Tal como lo había sido antes, fue cosa de imaginación seguir encontrando nuevos mercados en los cuales reinvertir, enfocándose no ya en inventar nuevas necesidades, sino en diversificar y cualificar las existentes. La nefasta educación masiva Taylorista, por ejemplo, que hasta entonces había sido una mezcla de cárcel y guardería con paupérrimos estándares de formación tanto emocional como intelectual, fue reemplazada por miles de institutos más pequeños y especializados, desde la educación preescolar hasta el posdoctorado. La especialización que reemplazó la masificación exigió volver a cobrar altas sumas por los bienes y servicios que la requerían, produciendo las utilidades para alimentar al insaciable monstruo del valor y para financiar la producción de los bienes y servicios menos especializados.
Lo mismo ocurrió con los bienes suntuarios, que reaparecieron con un ropaje más ético y para tranquilidad de la alta estética. No era ya que los inmoralmente ricos compraran este tipo de artículos sin mesura, erigiendo museos a la falta de moderación, el mal gusto y el kitsch; era que los aficionados de corazón a tal o cual manifestación estética hacían sacrificios formidables de sus ingresos y comodidades para enaltecer sus vidas, otorgando de paso a los artistas el debido reconocimiento material y existencial por sus obras maestras.

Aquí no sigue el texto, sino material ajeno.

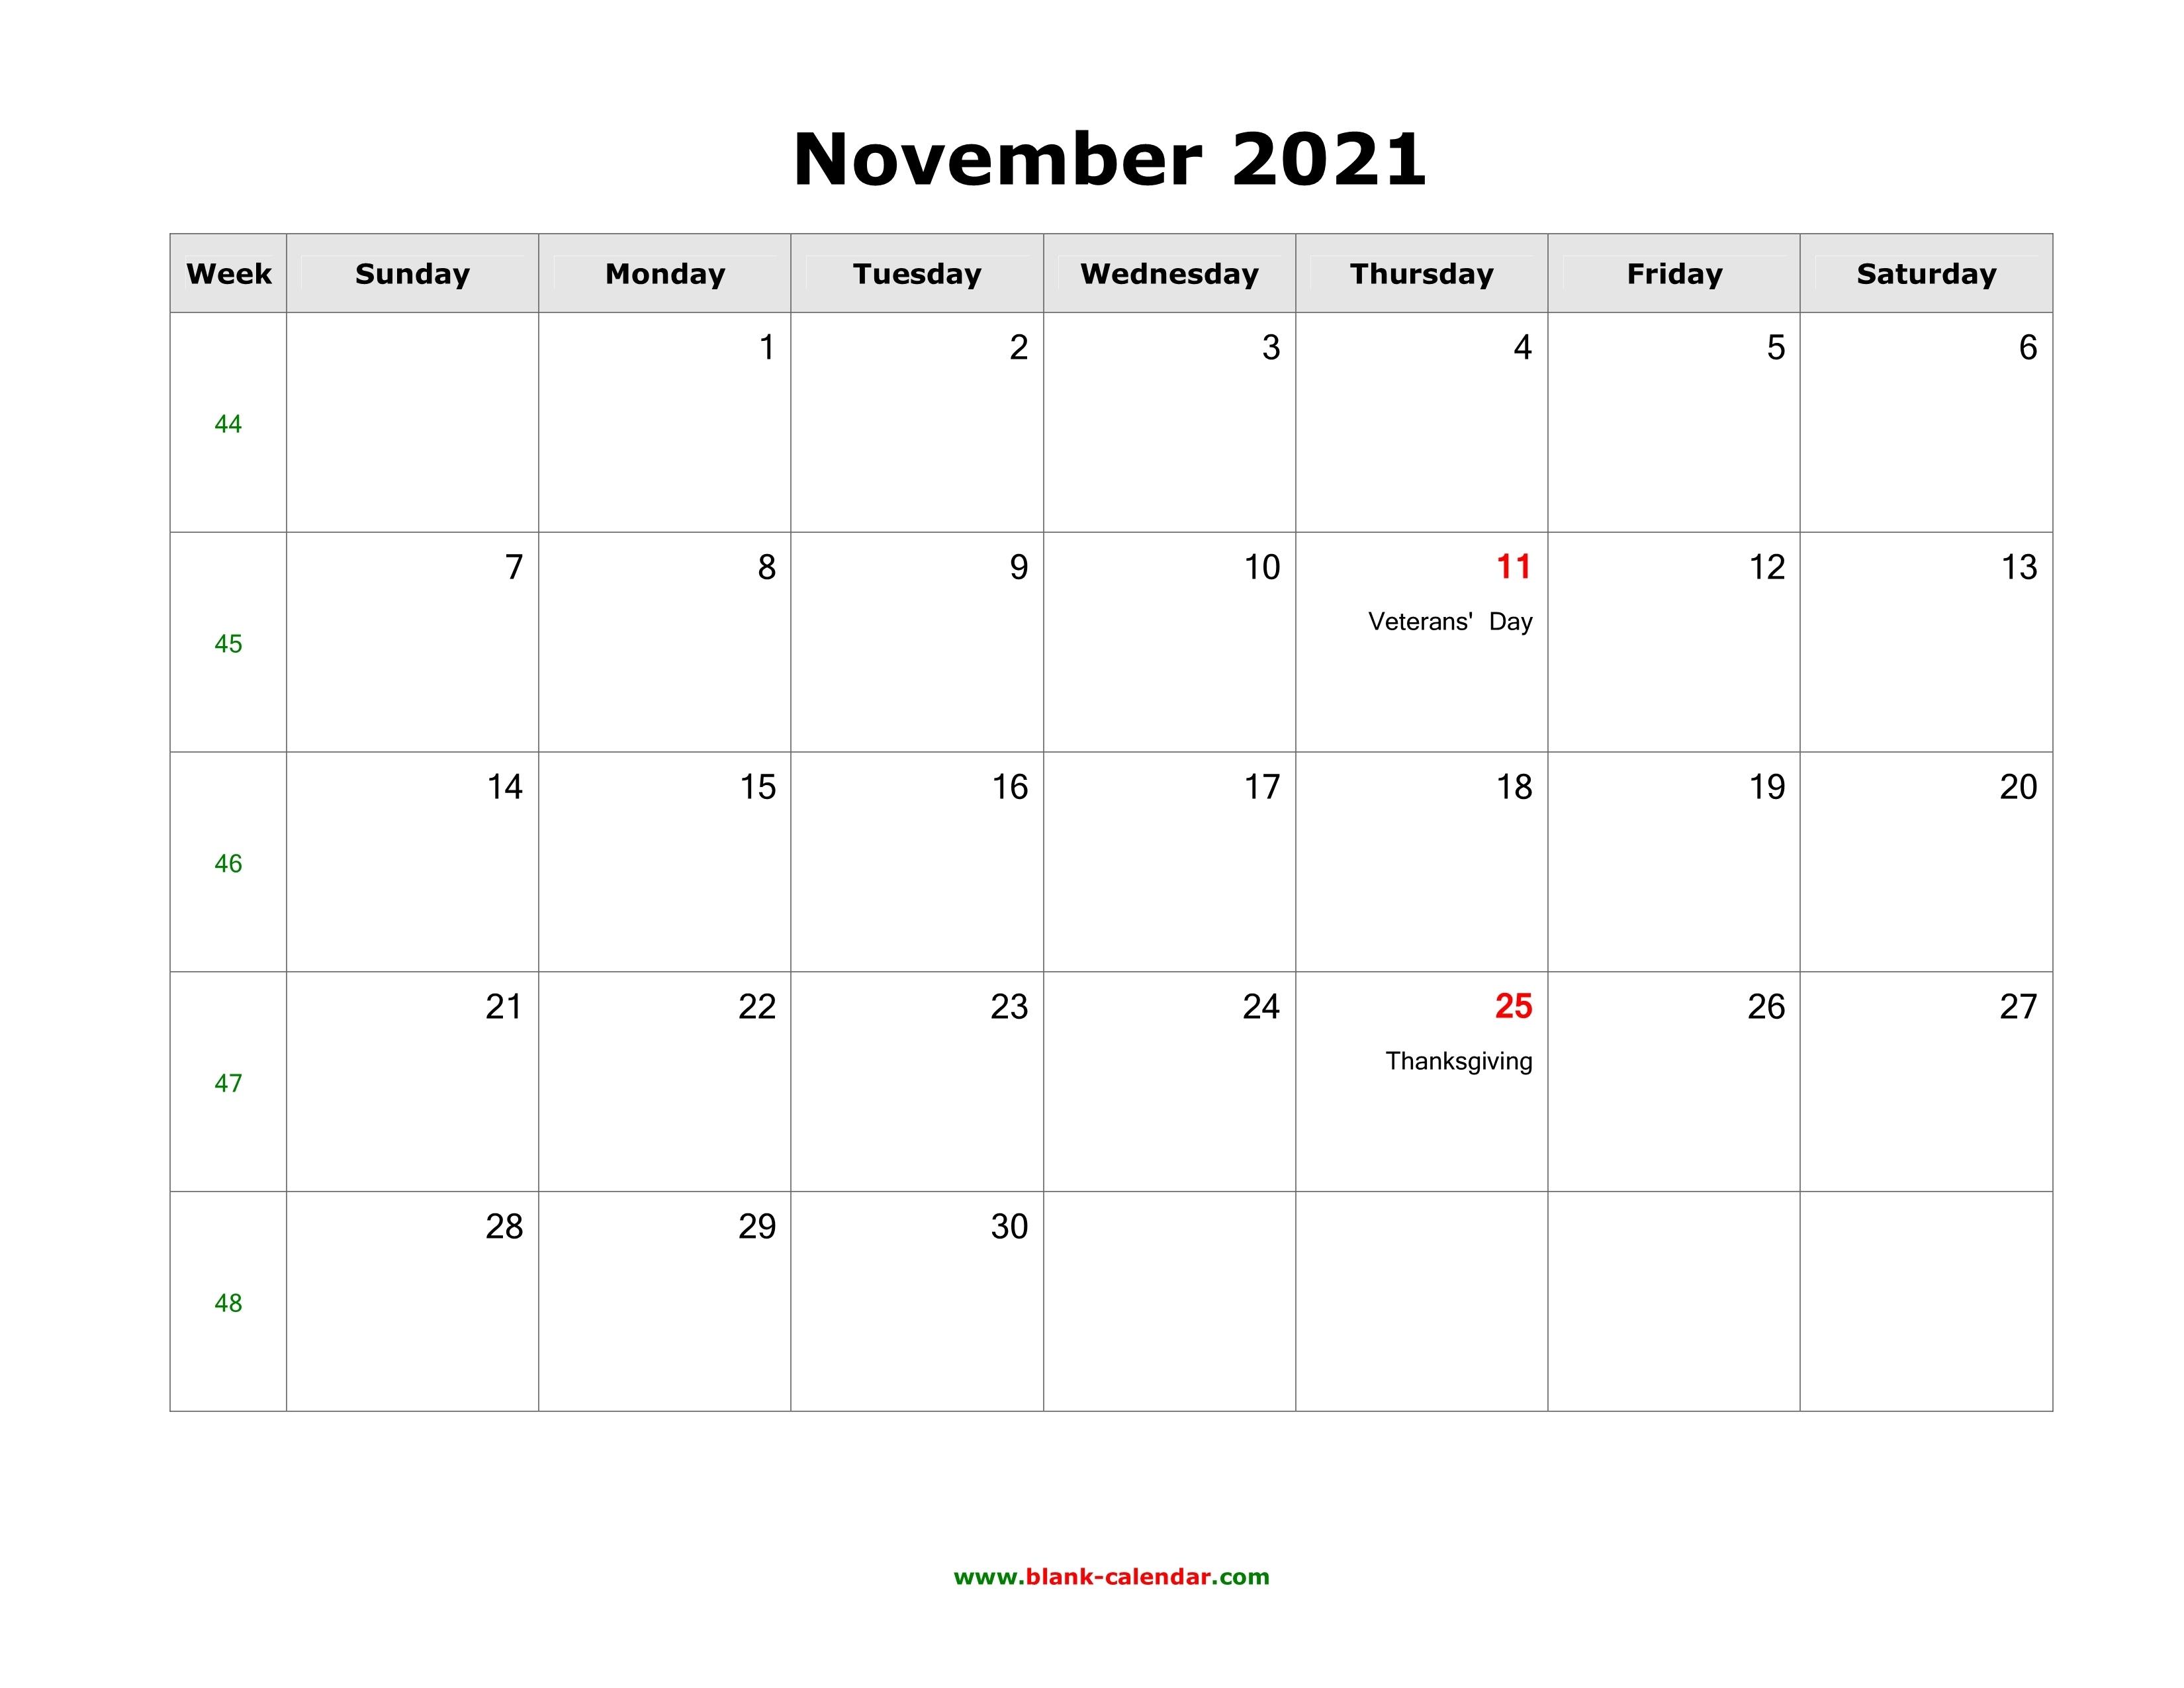 November 2021 Blank Calendar | Free Download Calendar Templates November 2021 Calendar Quiz

No dejaron de haber problemas: no dejaron de haber humanos. No se acabaron la miseria ni el hambre ni las necesidades del alma. La especie de los simios lampiños simplemente se recuperó de esa fiebre de chucherías que le entró cuando dominó la mecánica y creyó haber matado los fantasmas, como si pudiera matar su imaginación, equivalente inmaterial del pulgar oponible. El cambio más significativo fue que las personas del común dejaron de pretender la decencia política al tiempo que defendían una economía del robo, el desperdicio y la adicción. Retirado el velo de ignorancia que cosquilleaba sus glándulas, también Los Expertos pudieron ver la asquerosidad que habían alcahueteado por varios siglos, entorpeciendo la acción ciudadana de los ingenuos que creían sus dogmas a ojos cerrados. Nadie cambió bienestar por pobreza; nadie renunció a ambiciones ni a sueños; sólo se cambió la masturbación degradante de los apetitos por la satisfacción mesurada de las necesidades, idea que sabios de Oriente y de Occidente habían anticipado hacía miles de años, como un vaticinio de esta ebriedad que sería la supuesta cúspide de la civilización, y del callejón sin salida en el que se meterían intentando cambiar la administración sin tocar la producción. No fue el amanecer de la utopía pero sí la primera revolución genuina desde la agricultura. La especie de los simios lampiños evolucionó por fin hacia nuevos desafíos y nuevas adaptaciones. Atrás quedó la larga Edad Oscura en la que se creyeron sólo materia.
[1] Y Monterroso y Calvino y Kafka y Saramago.
[2] Aclaración: Mente ociosa no necesariamente es sólo aquella que no se ocupa de nada, sino también aquella que es incapaz de hacer nada, que necesita desesperadamente la actividad continua, so pena de descubrir que no vive por ni para nada, que se ha poblado de trivialidades.